§ **Activity**:
Exactly the lines from the one containing "Iron Ladder Stairs Repstege PNG" through the end of the data, and nothing more, should be retyped; pictures stay out.

------ Dataset extract ------

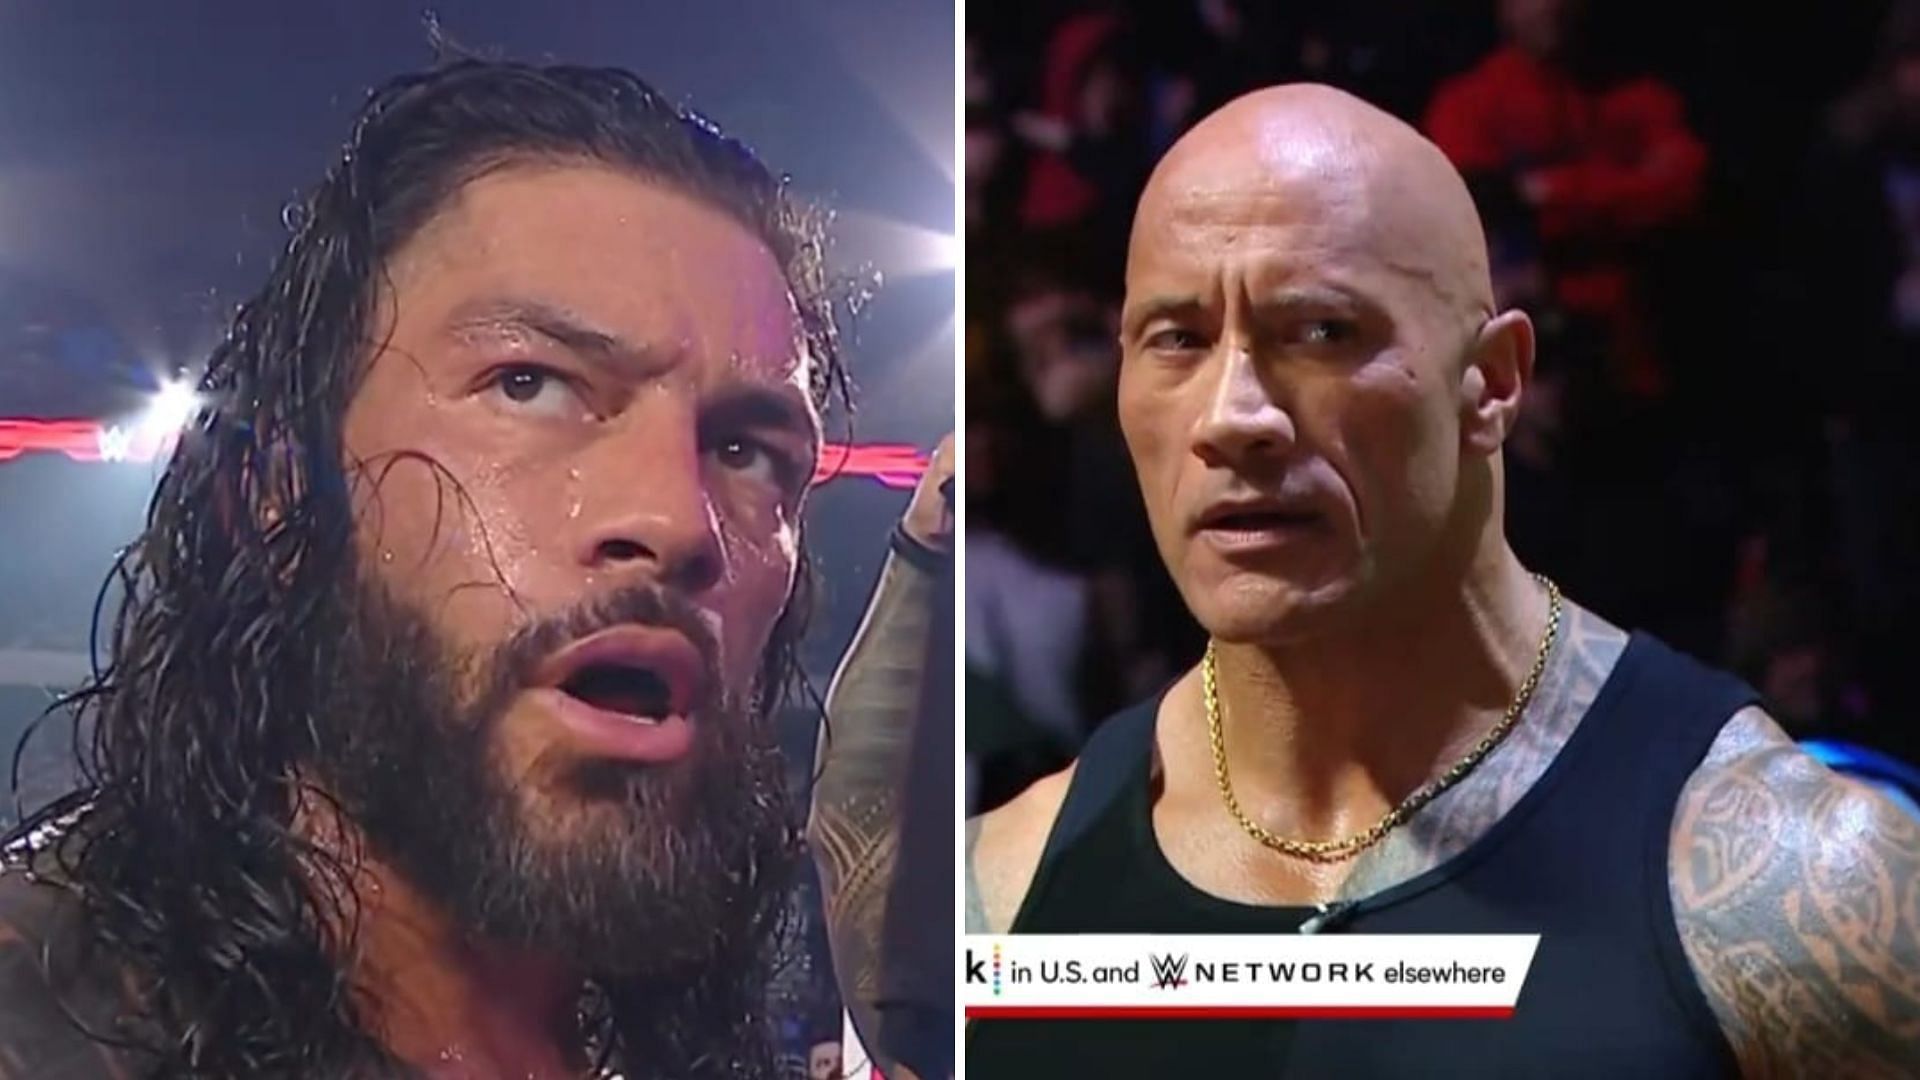 The Rock and Roman Reigns have joined forces on SmackDown
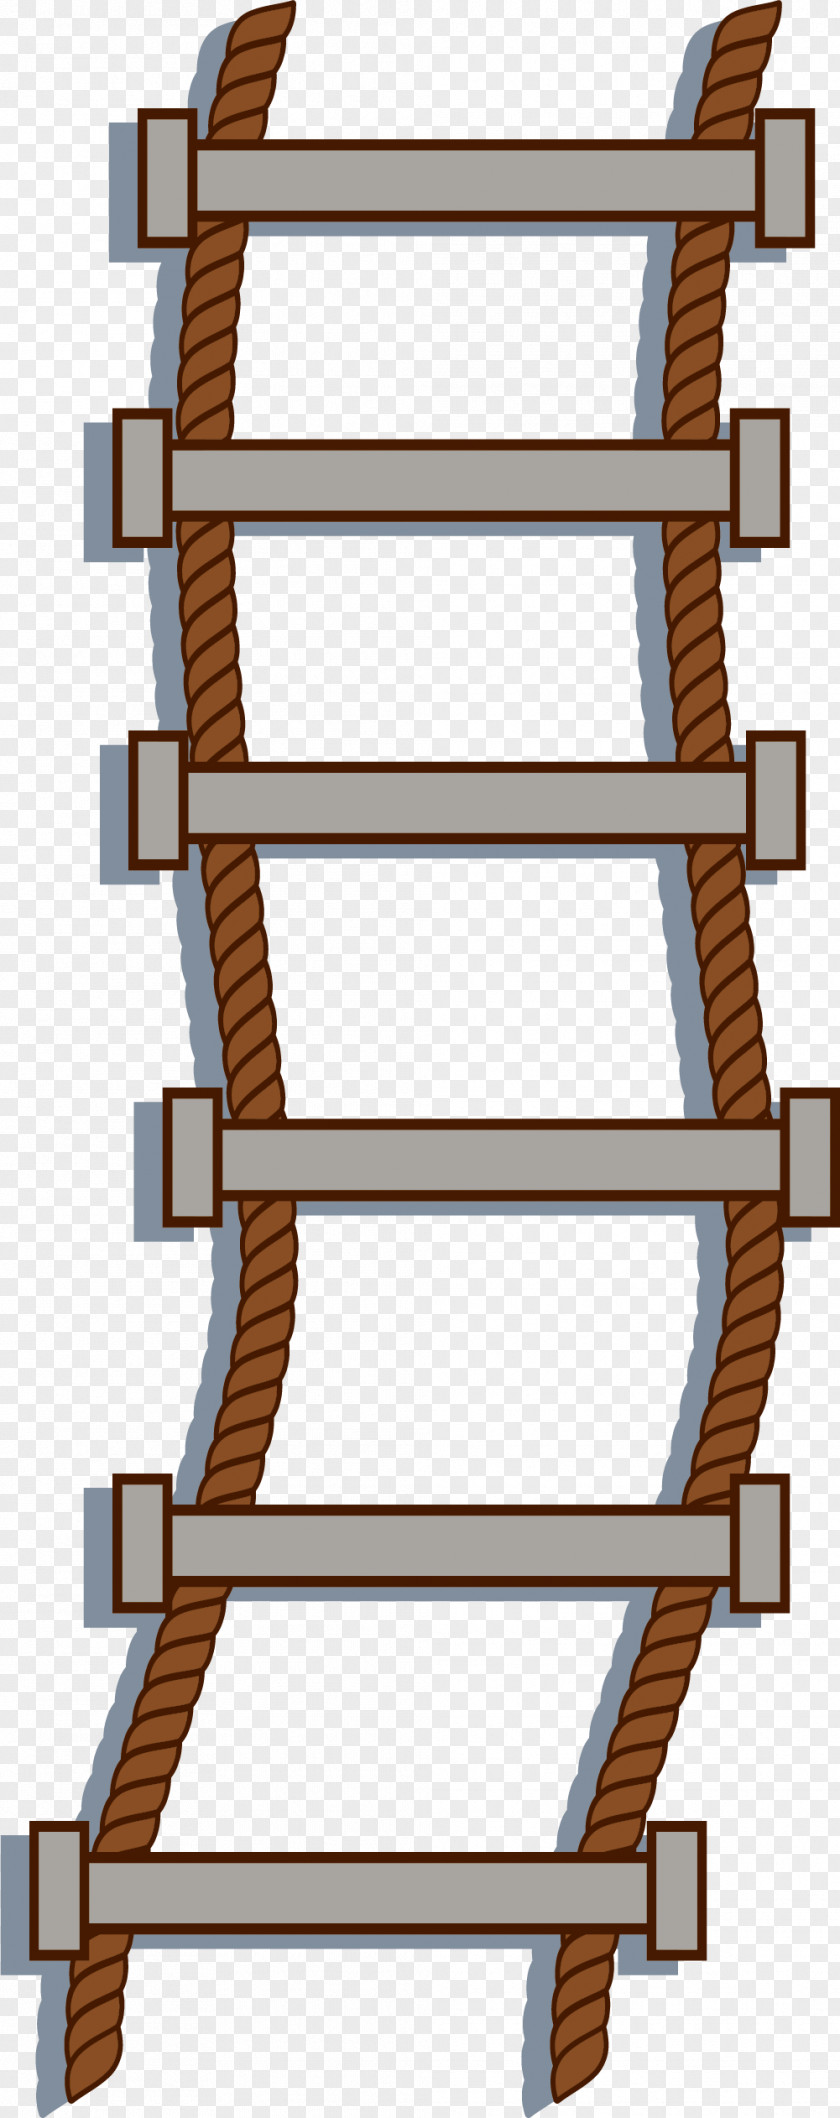 Iron Ladder Stairs Repstege PNG
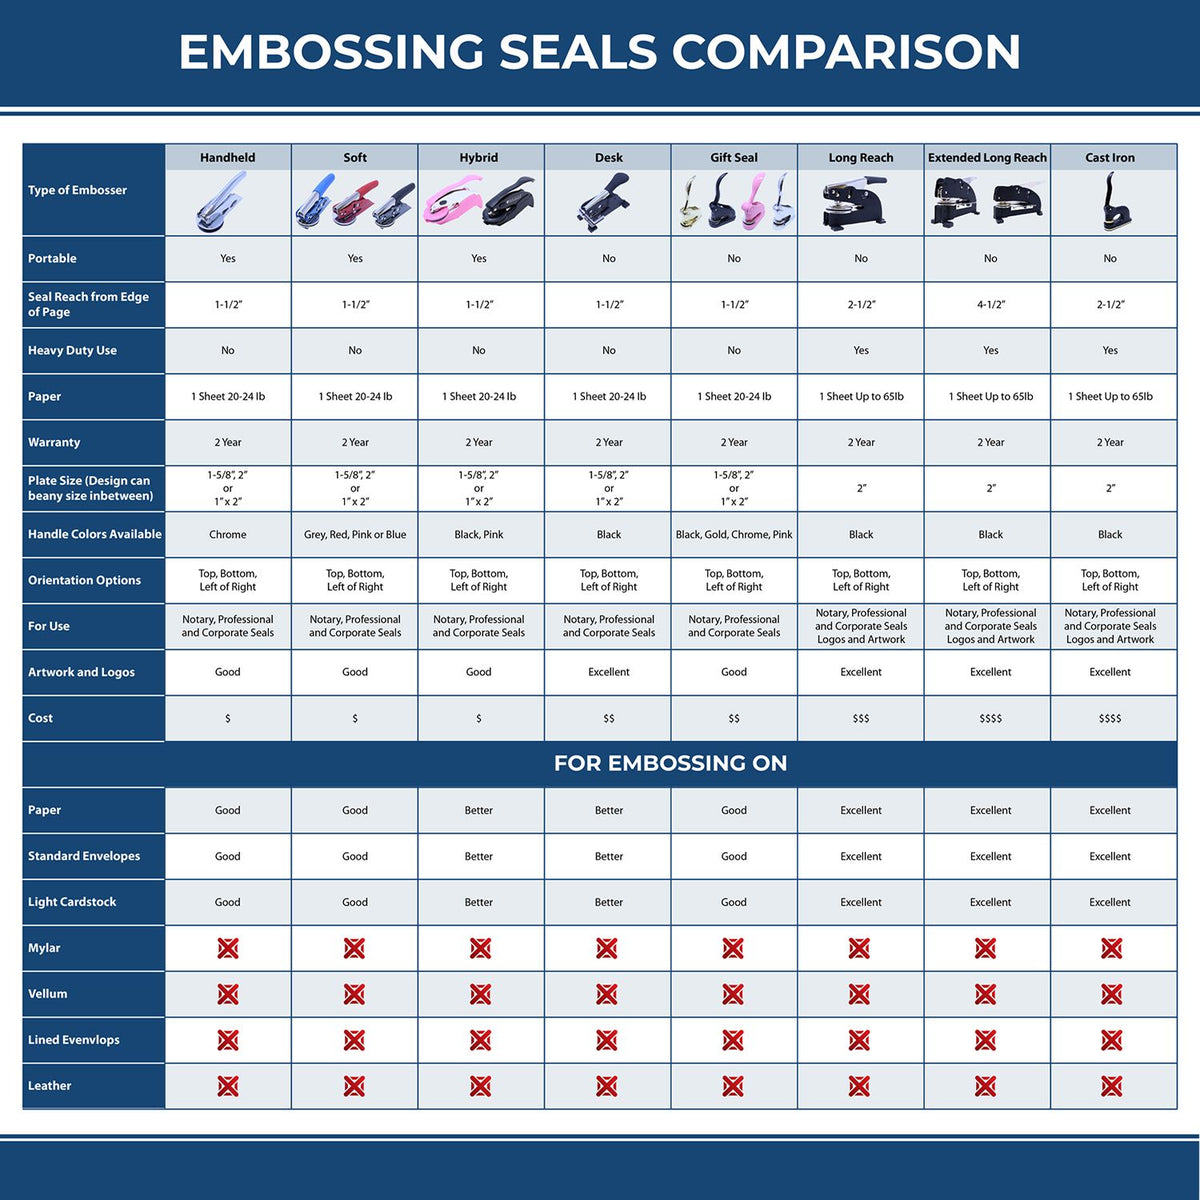 A comparison chart for the different types of mount models available for the State of Nebraska Extended Long Reach Geologist Seal

------

§ **Completed exercise**:
 Iron Ladder Stairs Repstege PNG
 A comparison chart for the different types of mount models available for the State of Nebraska Extended Long Reach Geologist Seal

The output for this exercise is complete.